Latterly though, I have come to realise that perhaps restaurants and hotels in the region don’t always understand that one set of drawings can lead to an entirely different financial outcome than another, even if both cost the same to implement.

Good design takes time and money and guts — so what do you get in return? It turns out that the sort of return you’re getting (or hoping for) should drive the decisions you make about design.

Thinking about design in four zones helps. It’s more useful to think of these zones as distinct states as opposed to a continuum, as it’s easy to spend a lot of time and money on design but not garner the benefits that you might expect. McDonald’s might have a better carton than KFC (or the other way around, I can’t remember) but does McDonald’s sell any more units as a result?



ZONE 1: Negative return

The small hotel with a boarded-up window and the restaurant with a drooping sign and peeling paint are watching their businesses suffer because they have a design that actually hurts them. Low-grade copies of good franchises suffer this problem too. If the design actively gets in the way of the food you sell or the accommodation you deliver, you lose money and market share.

ZONE 2: No impact

Most design around the world falls into this zone. While aesthetically important, design in this case is just a matter of personal taste (usually the business owner’s) not measurable revenue. You might not like the way the eatery looks, or the logo over the hotel door, but it’s not having any effect on sales; it’s good enough.

You can get no-impact design drawings cheap and as long as they work practically they are probably good enough — just don’t expect fireworks in return.

Ideas that you or your designer copy never get above this zone.



ZONE 3: Positive return

In Zone 3 we’re seeing a dramatic increase in return. Everything from a small coffee kiosk to a seven-star hotel can generate incremental sales and better utility as a result of fresh, smart design. 

Segafredo coffee shops and The Address hotels fall into this zone. You’re unlikely to get this level of design from a Far Eastern CAD drafting factory or a design-and-build contractor. You need a design team with international perspective — and they should be from a city where high standards are not just optional but mandatory, so look for them in London, Tokyo, Milan, Barcelona, New York or Sydney. They won’t be cheap, but independent research has shown they’ll return much more money than the extra they cost you.  (Have a look at the Design Council website for case studies: www.designcouncil.org.uk)

ZONE 4: The whole thing

There are a few products where smart design is the product (or at least the product’s reason for being). If you’re not in love with the design of a Porsche 911, you would never consider buying it.

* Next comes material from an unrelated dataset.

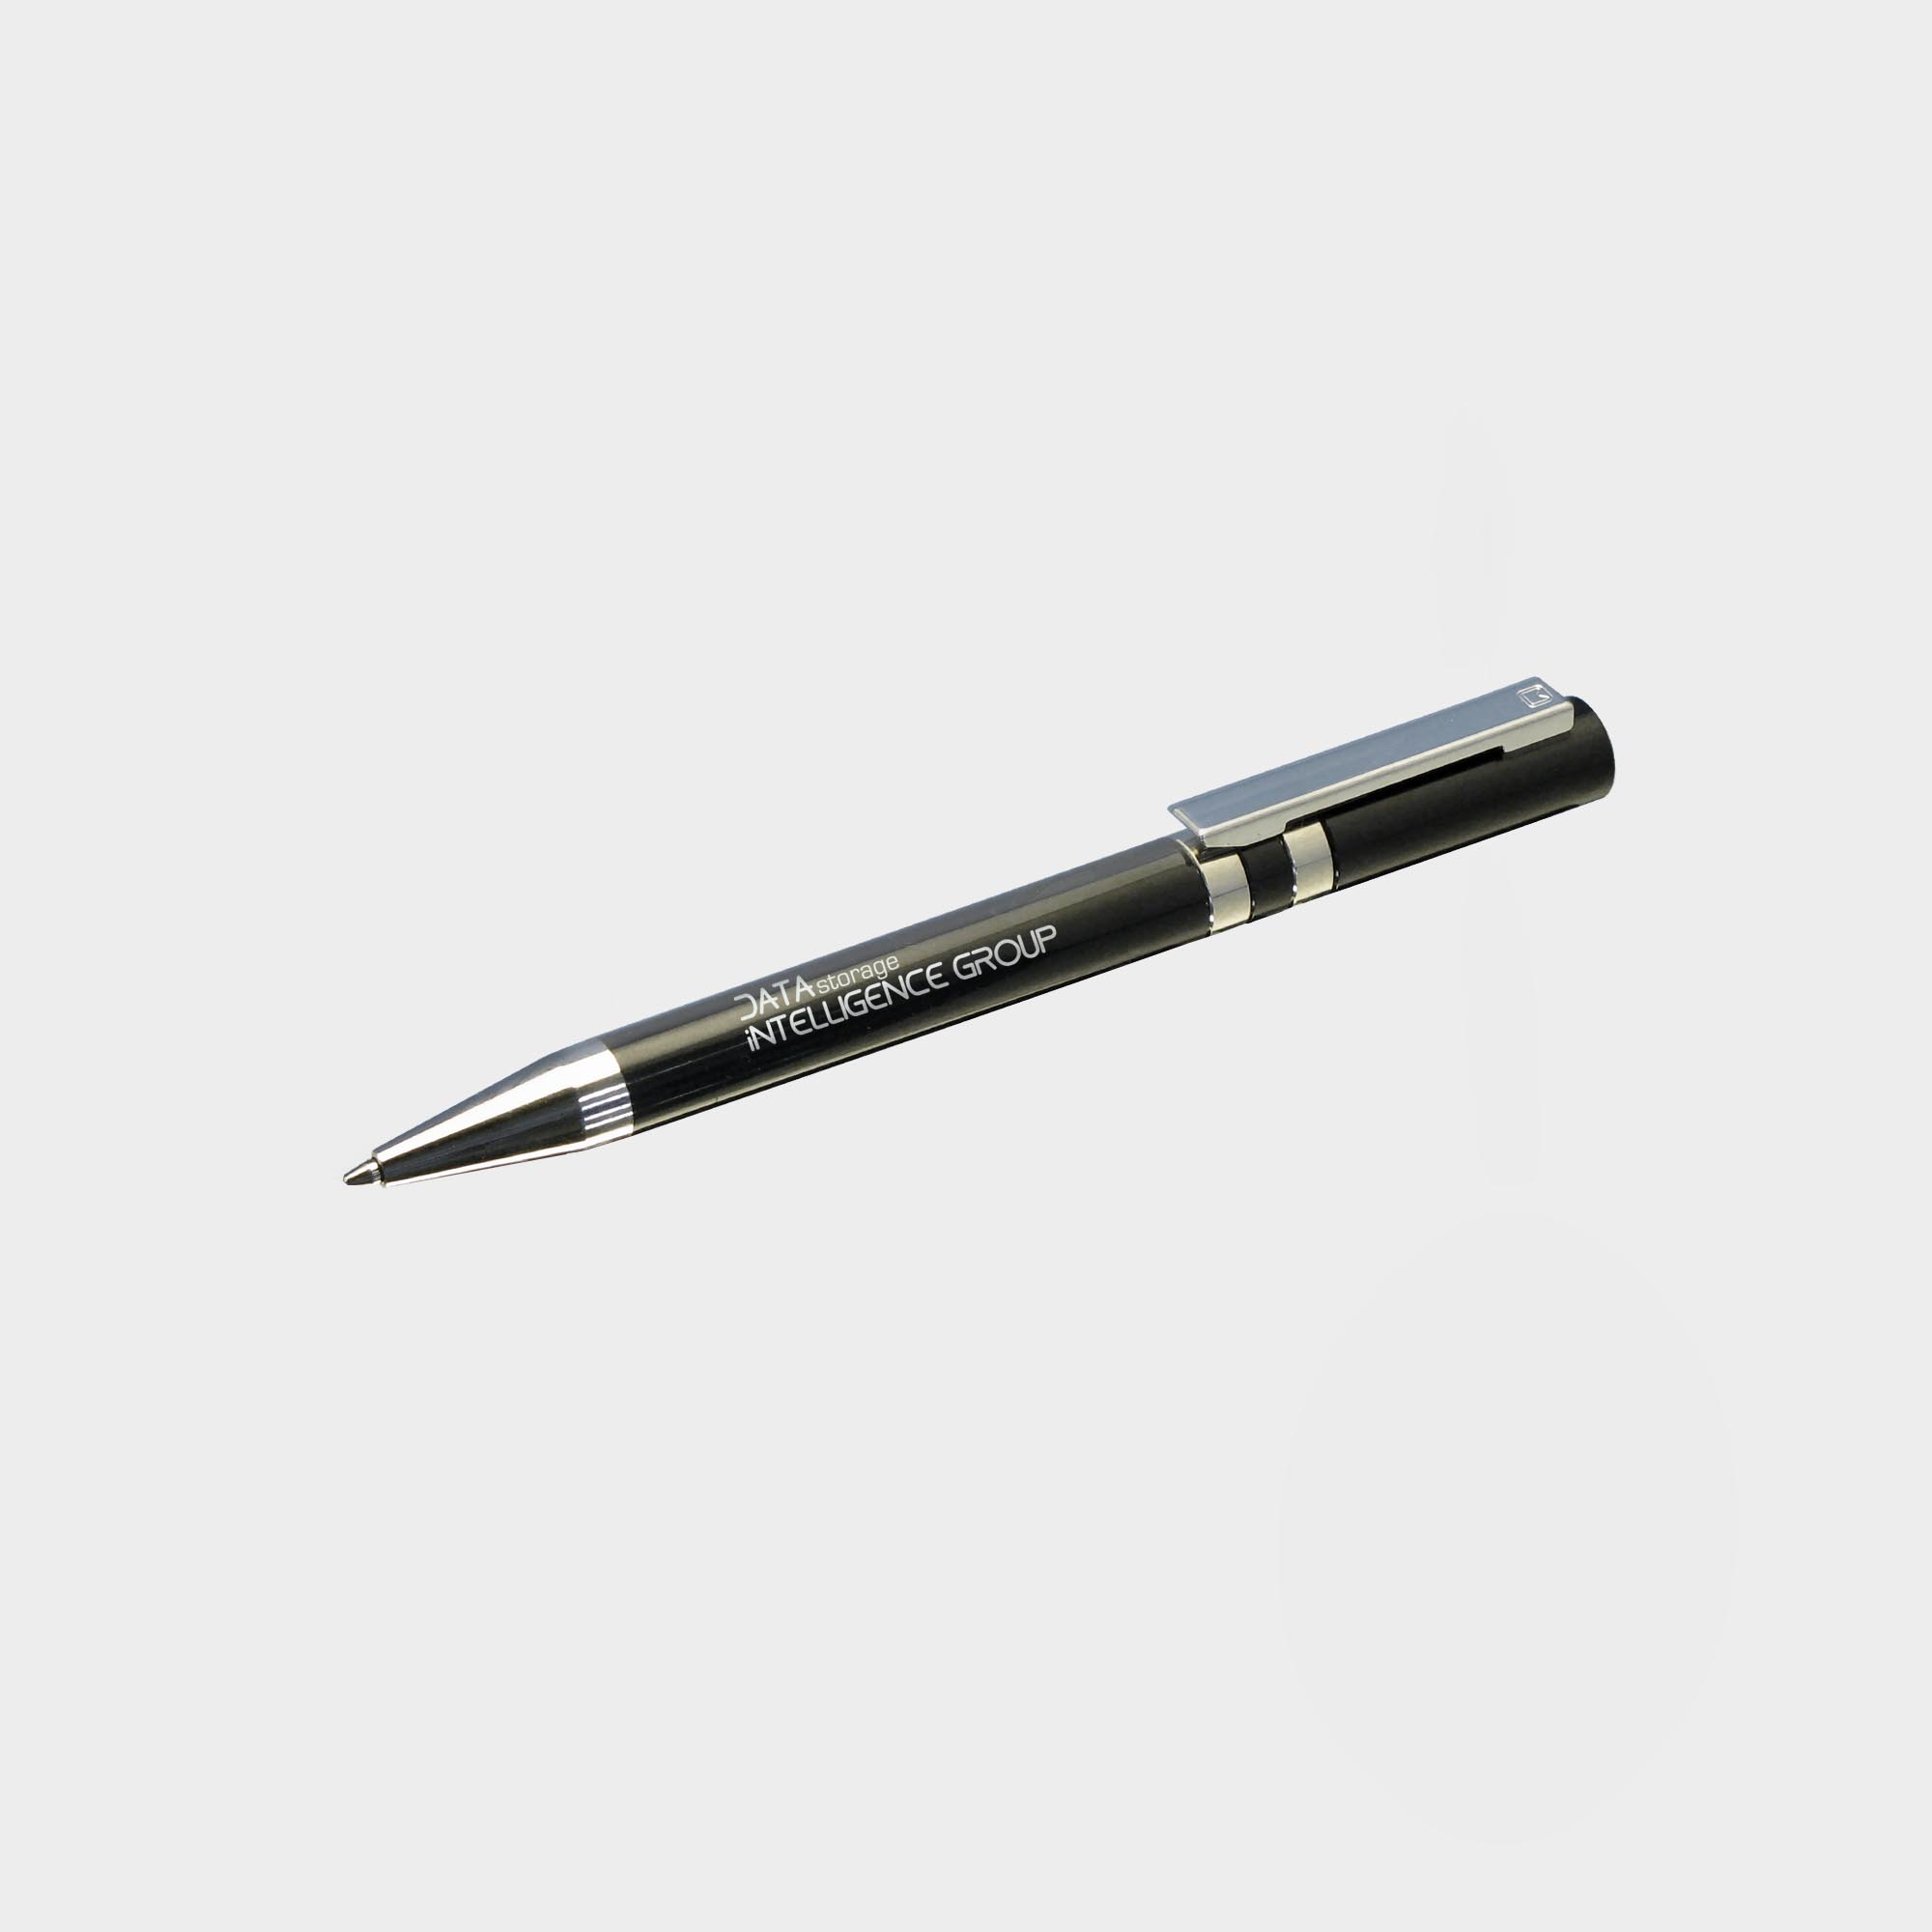 The Green & Good Ethic Pen made from recycled plastic. Stylish executive pen with chrome tip and various colour upon request. Black ink as standard. Black / Silver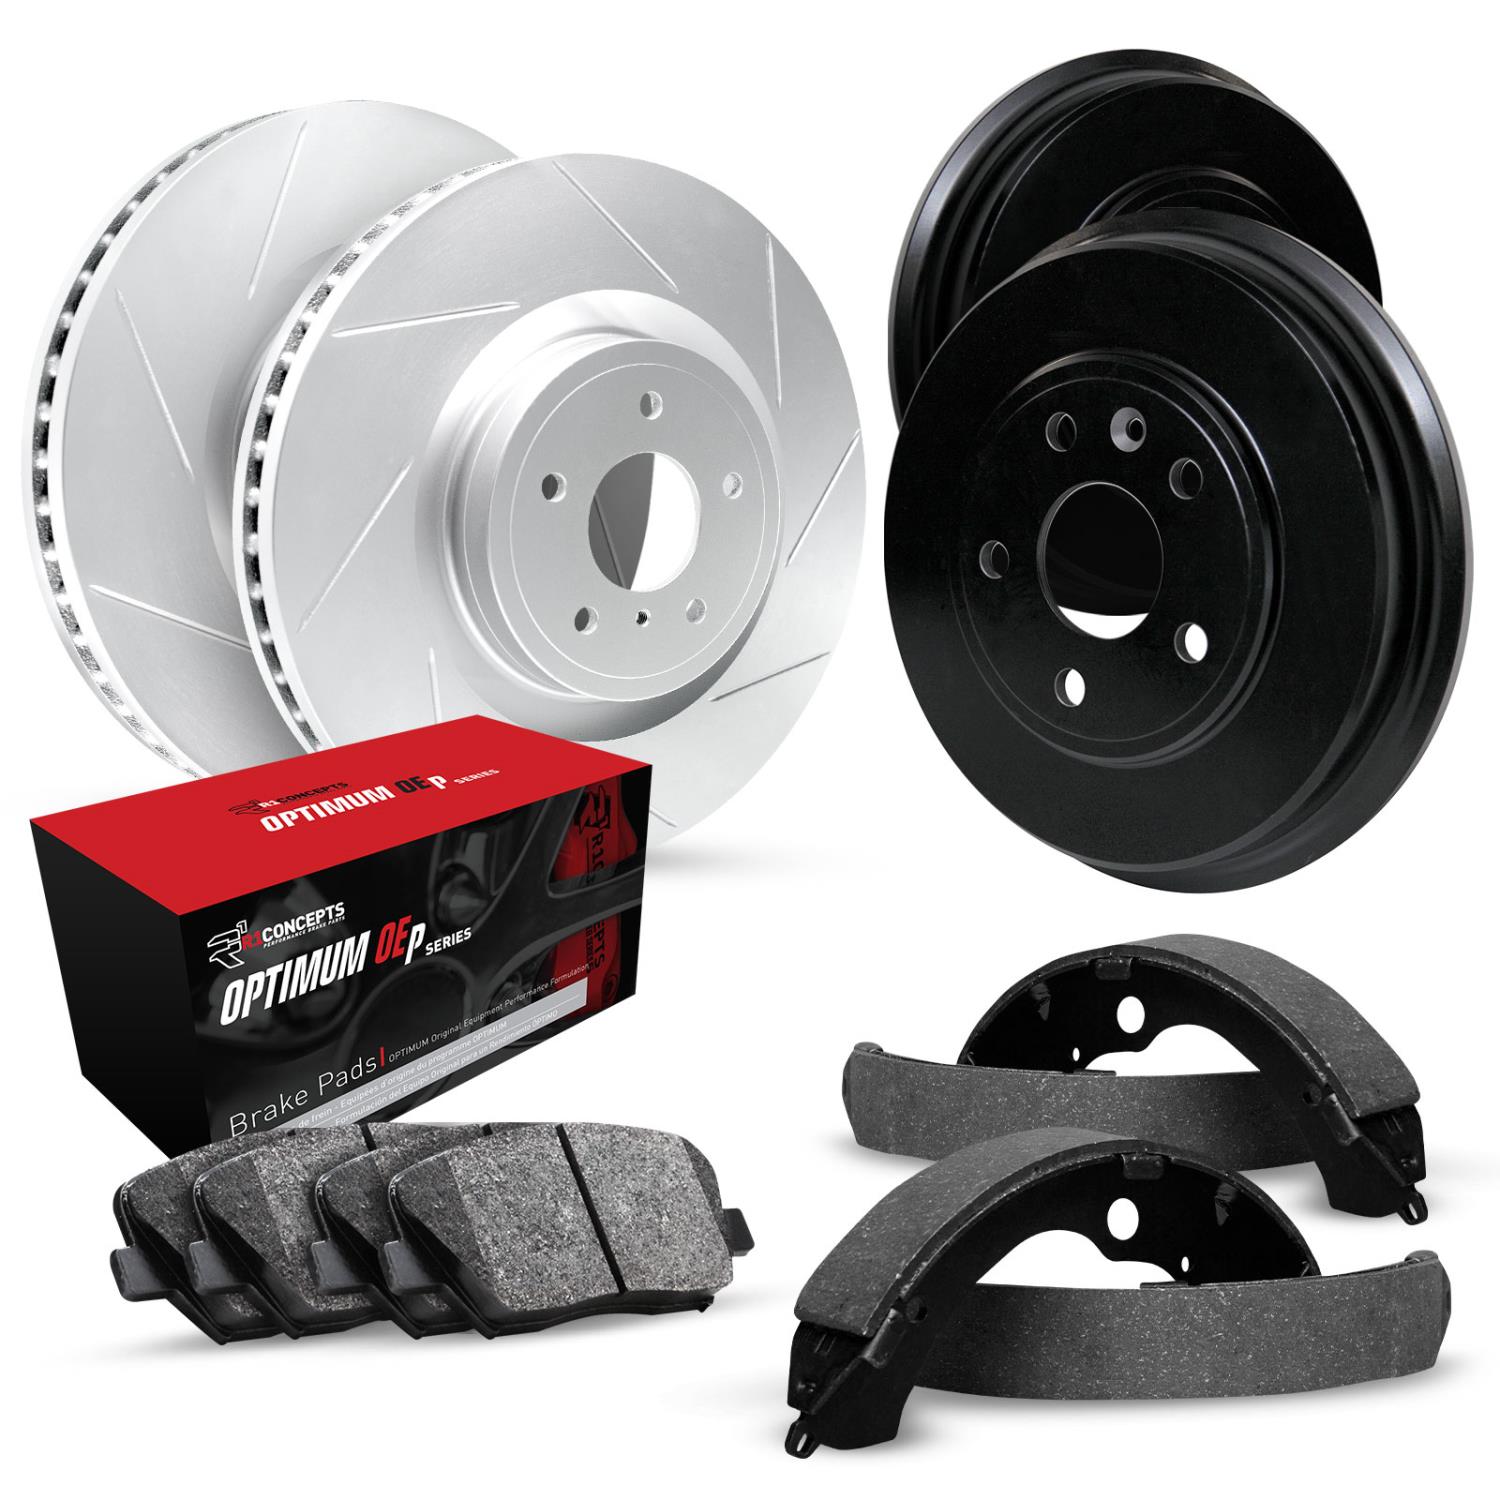 GEO-Carbon Slotted Brake Rotor & Drum Set w/Optimum OE Pads & Shoes, 1966-1966 Ford/Lincoln/Mercury/Mazda

The challenge of building your restaurant around a breakthrough design is that the design has to in fact be a breakthrough. And that means spending far more time or money than your competitors who are merely seeking a positive return.



Knowing where you stand and where you’re heading is critical: if you have a negative return on design, go ahead and spend enough money to get neutral ASAP, but don’t spend so much that you’re over-investing just to get to neutral.
 
Watching a small-town take-away restaurant build an expensive custom building is the perfect example of this mismatch; so is trying to do too much with a hotel dining room when nobody would go there for a unique dining experience anyway. (That’s why most hotels restaurants are so average — there’s just no point in trying harder. No one’s coming in from outside, you’ve just got to hang on to business from unadventurous residents.)

If you’re betting the whole business on making design your only strategic difference, skimping on your designer is plain foolish; Zuma would be empty if they’d hired a designer who was merely ‘good’.

Visitors often say Dubai is superficial; figures show that tourists seldom visit more than once.

Maybe there’s a connection here? Good design costs more, but it’s never more than a few percent of the total project spend. That’s a small price to pay to create something inspirational.